# Exercise objective
Give every line of the material back exactly, images removed.

# Supplied data

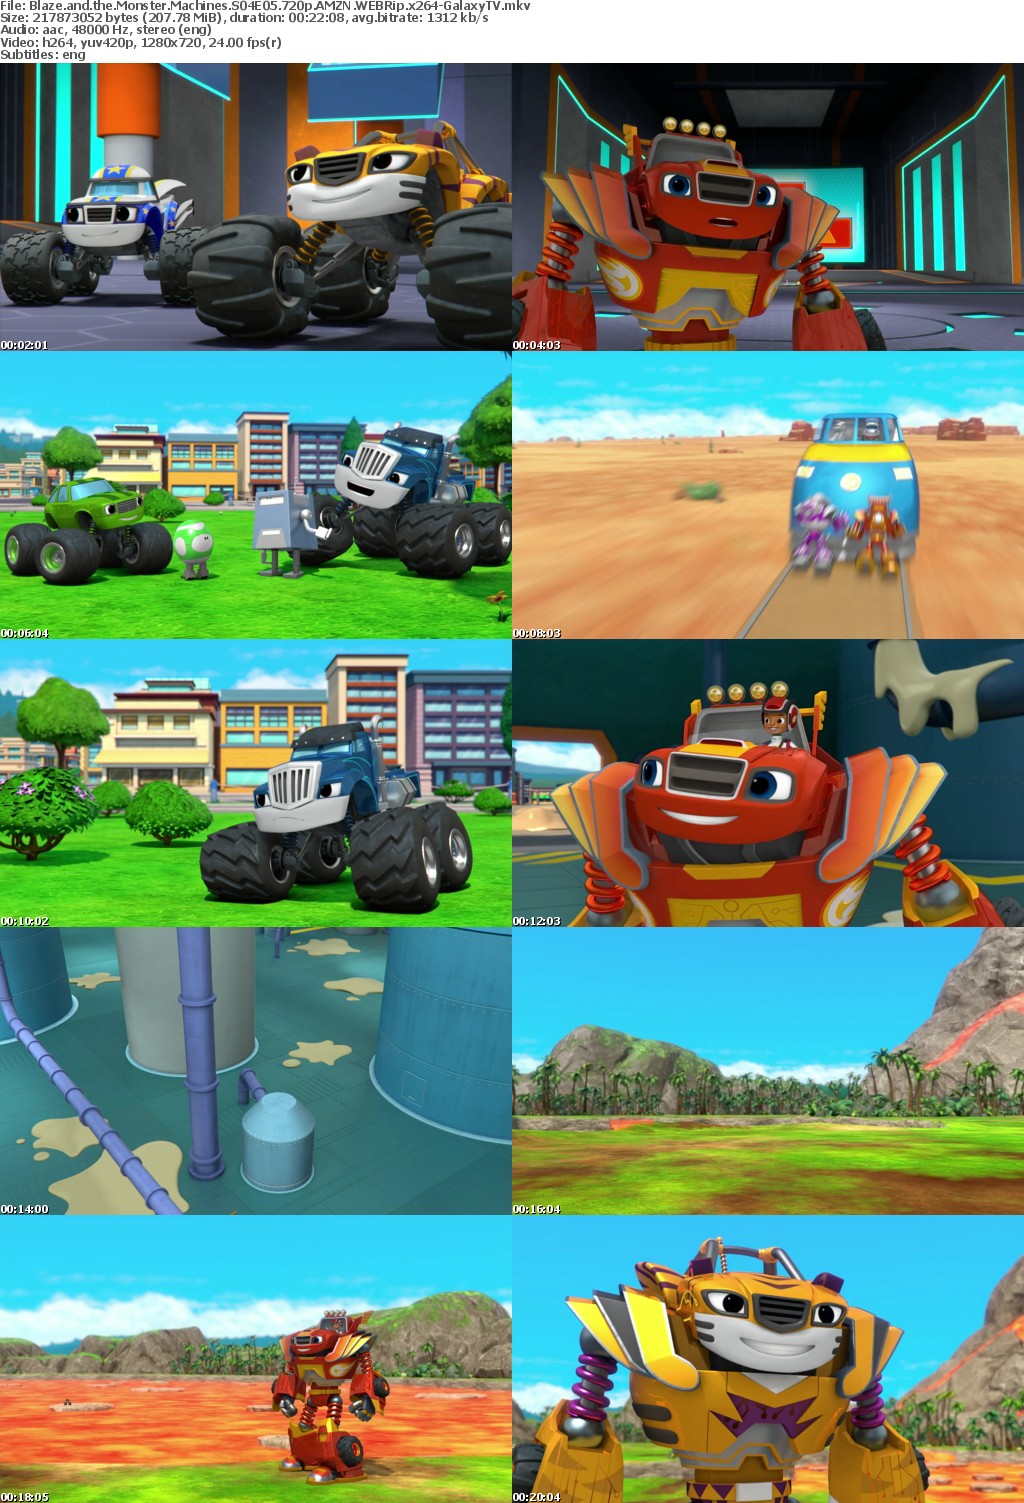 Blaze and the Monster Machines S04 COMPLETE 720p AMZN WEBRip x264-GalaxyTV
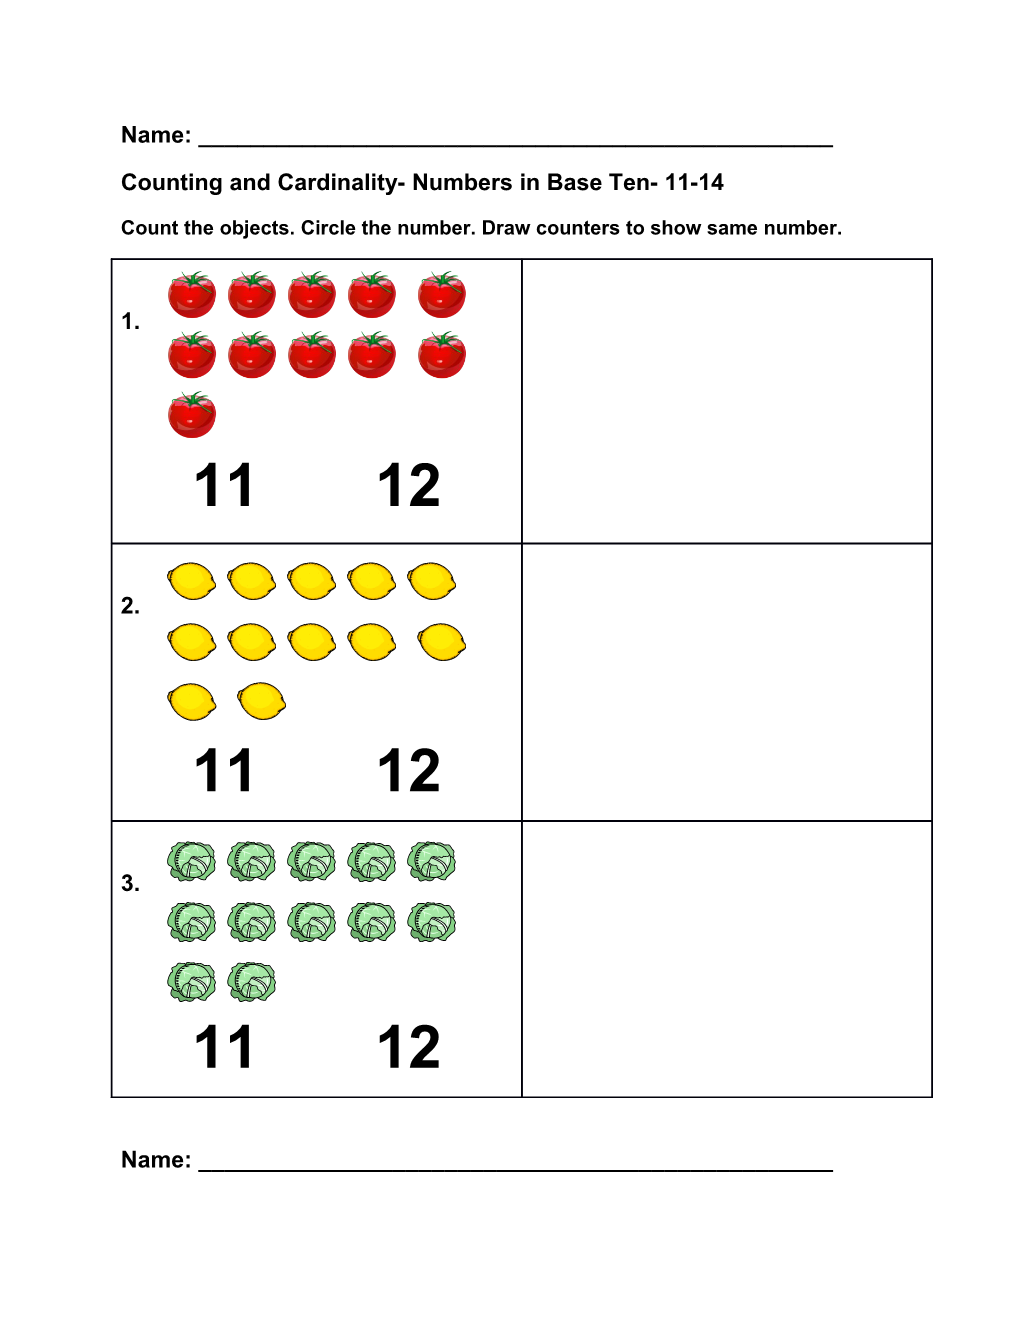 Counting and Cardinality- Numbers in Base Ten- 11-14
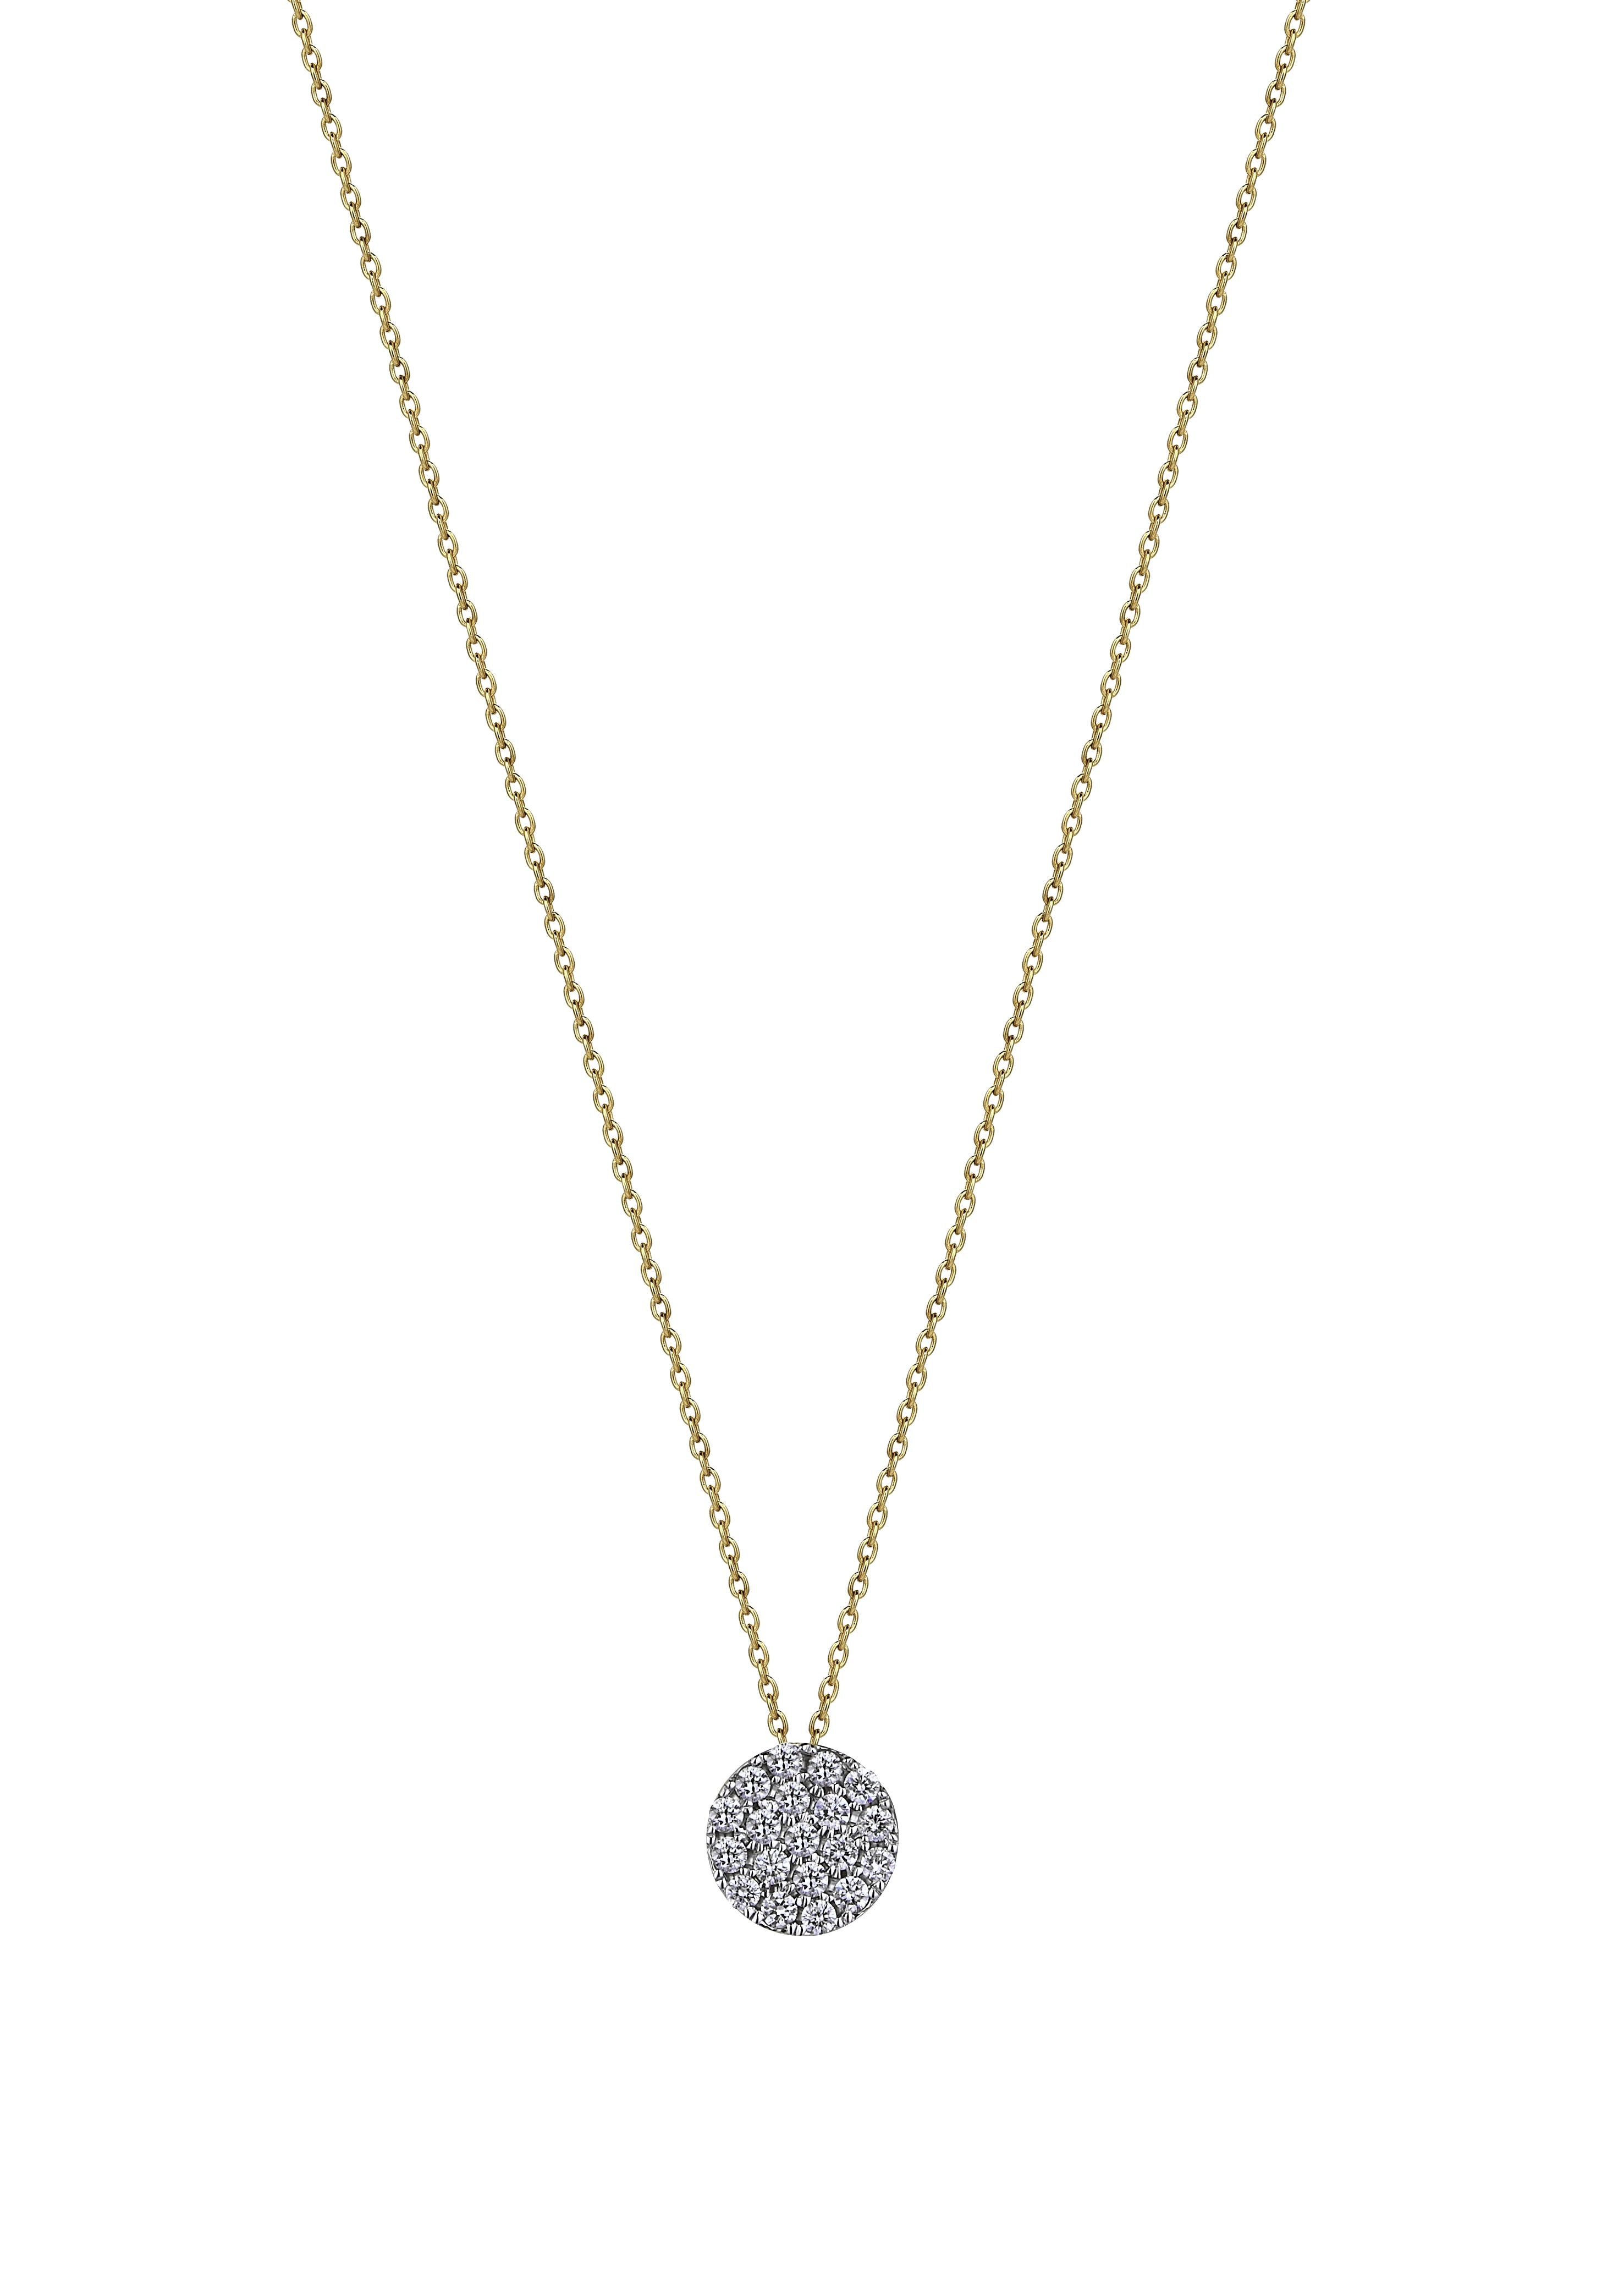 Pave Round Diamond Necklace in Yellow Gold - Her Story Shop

# Exercise output
 Blaze and the Monster Machines S04 COMPLETE 720p AMZN WEBRip x264-GalaxyTV
 Counting and Cardinality- Numbers in Base Ten- 11-14
 Pave Round Diamond Necklace in Yellow Gold - Her Story Shop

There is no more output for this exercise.